Творец, художник, гений – маргинал, вываливающийся и выпадающий, если не выдирающийся из здесь и сейчас, личность вне пространства и вне времени, а точнее – личность в абсолютном пространстве и в абсолютном времени бытия. Это Одинокий Человек, стоящий перед лицом предельных границ человеческого бытия, перед лицом Вечности, Вселенной, Смерти, Свободы, Бога.
Политический контекст, личная неустроенность и страдания способствуют осмыслению и переосмыслению человеком мира и своего места в нем. Но конечным полем творчества – несомненно трагическим – является не фон, не среда, не условия, а человеческая душа.
«Это не берется человеком, это ему дается. Природа этого дара или проклятия не ясна и непонятна. У меня много замечательно умных, тонких, мудрых друзей – но им просто не дано вот этого: выходить на сцену, или писать книги, или снимать кино… Будь они хоть кладезь знания. А выходит какой-нибудь пацан, который не знает ничего, кроме того, что ему больно и что больно еще кому-то, и кричит от этой боли… И приходит вера. Спроси, какое у него право на это?»[126]
.Творчество и гениальность не от технического мастерства и даже не от способности воплотить замысел. Эти качества рационалистичны именно в «техническом» плане. В плане технологической рациональности гений вполне может быть злодеем, там он – лишь мера умения, эффективности.
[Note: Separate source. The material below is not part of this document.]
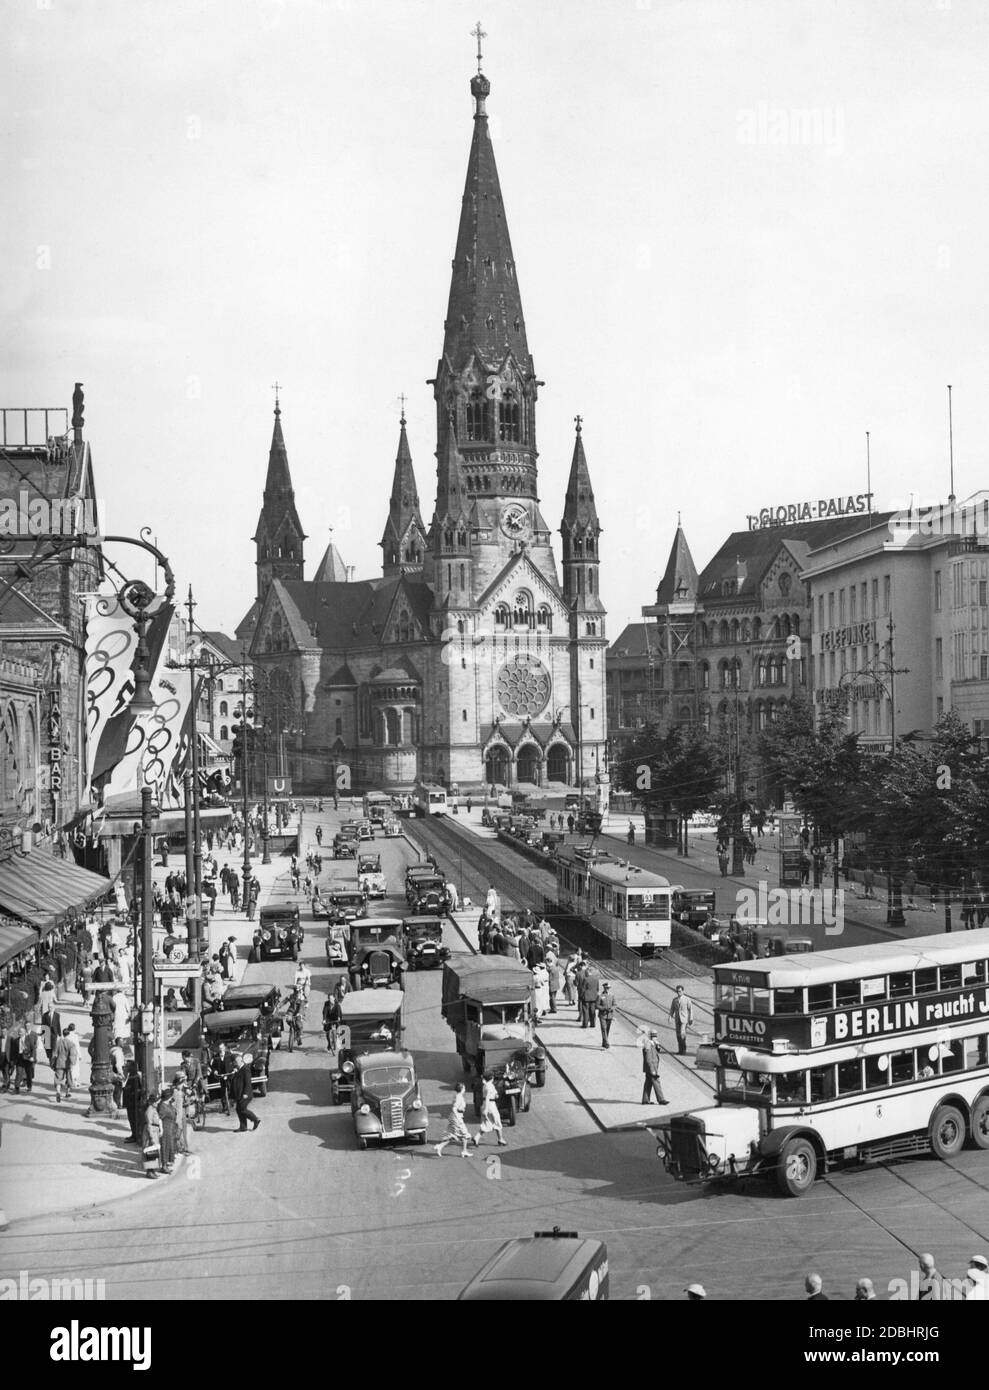 'The photograph shows the Kaiser Wilhelm Memorial Church in Berlin at the time of the Olympic Games in 1936, with the hustle and bustle of the Hardenbergstrasse, at the intersection with Joachimsthaler Strasse, in the foreground. To the right in front of the church is the Romanisches Haus with the Gloria-Palast, next to it is a slogan ''Telefunken - Die Deutsche Weltmarke'' (''Telefunken - The German World Brand''). On the left is the Haus Germania and the Ufa-Palast am Zoo. A double-decker bus of line 20 to ''Knie'' with the advertisement ''Berlin raucht JUNO'' (''Berlin smokes JUNO'') Stock Photo

Овладев умением – становятся гениями. Это путь пушкинского Сальери – поверить алгеброй гармонию. Без союза с Люцифером этот путь не пройти. Недаром в западноевропейской культуре тема гения и творчества столь фаустовская, сатанински-мефистофельская. Гетевский Фауст, Адриан Леверкюн Т. Манна, Сальери – гении одного ряда. Сатанизм, насилие, убийство – ничтоженье самозванством довлеют в них.
Другой ряд и другой путь – гений пушкинского Моцарта. Это мир не «техне», а «космоса»: сопричастность гармоничному целому мира, ответственное не-алиби-в-бытии, не то что осознание, а переживание своего призвания и избранничества, естественная, если не инстинктивная связь с природными стихиями, противоположная рассудочному прагматизму.
Гений – сын естества и естественности – не искусной искусственности. Он пантеистичен, светел и щедр. Он – воплощение добра, гармонии и Абсолюта. Как пушкинский Моцарт. «Гений и злодейство – две вещи несовместные», потому как происходят из разных миров. Несовместимы сами эти миры. Гениальность – не мера и степень. Это качество. Трещина в бытии проходит через сердце поэта, и он работой своей души, своего разума восстанавливает утраченную гармонию мира. «Технологический» гений не может не быть убийцей, причем убийцей целого, Абсолюта. Гений это иное качество, чем способности, талант, умение, квалификация, мастерство. Это единство с творящей целостностью мира не может не быть нравственным, противостоящим уничтожению и злодейству.
Творец всегда творец, а самозванец всегда самозванец. Это уже проблемы общества – распознать кто есть кто, и время действительно расставляет все на свои места – бывший в глазах современников умалишенный или преступник осознаются гениями, а соблазнившие других, целые народы, самозванцы судятся судом истории. Но, повторяю, это проблемы общества. Сами они от этого не меняются. Надо просто учиться их распознавать. Самозванец всегда видит себя воплощенной целью, а других – средством. Творец же, склонный в себе видеть средство, предпочитает экспериментировать над самим собой, но не навредить другим. Первый прокламирует великое добро, оправдываясь им, второй – извиняется за причиняемое другим по возможности малое зло.
В политике свободное демократическое общество давно уже выработало защиту и иммунитет против самозванцев. В XX веке начала осознаваться необходимость защиты от самозванцев в науке и технике. Похоже, однако, что само научно-техническое творчество задает эти границы и барьеры в виде все больших затрат и средств, предполагаемых научно-техническим прогрессом; и естественным образом возникает вопрос о приоритетах, критериях и выборе. Нынешние наука и техника уже не могут развиваться спонтанно, по воле своих творцов, они становятся все менее самодостаточными и все более зависимыми от предпочтений, а это уже дело человеческое – не внечеловеческого абстрактного разума, а именно человеческого, обыденного, здравого, сердечного, чувствующего границу добра и зла как границу дисгармонии бытия.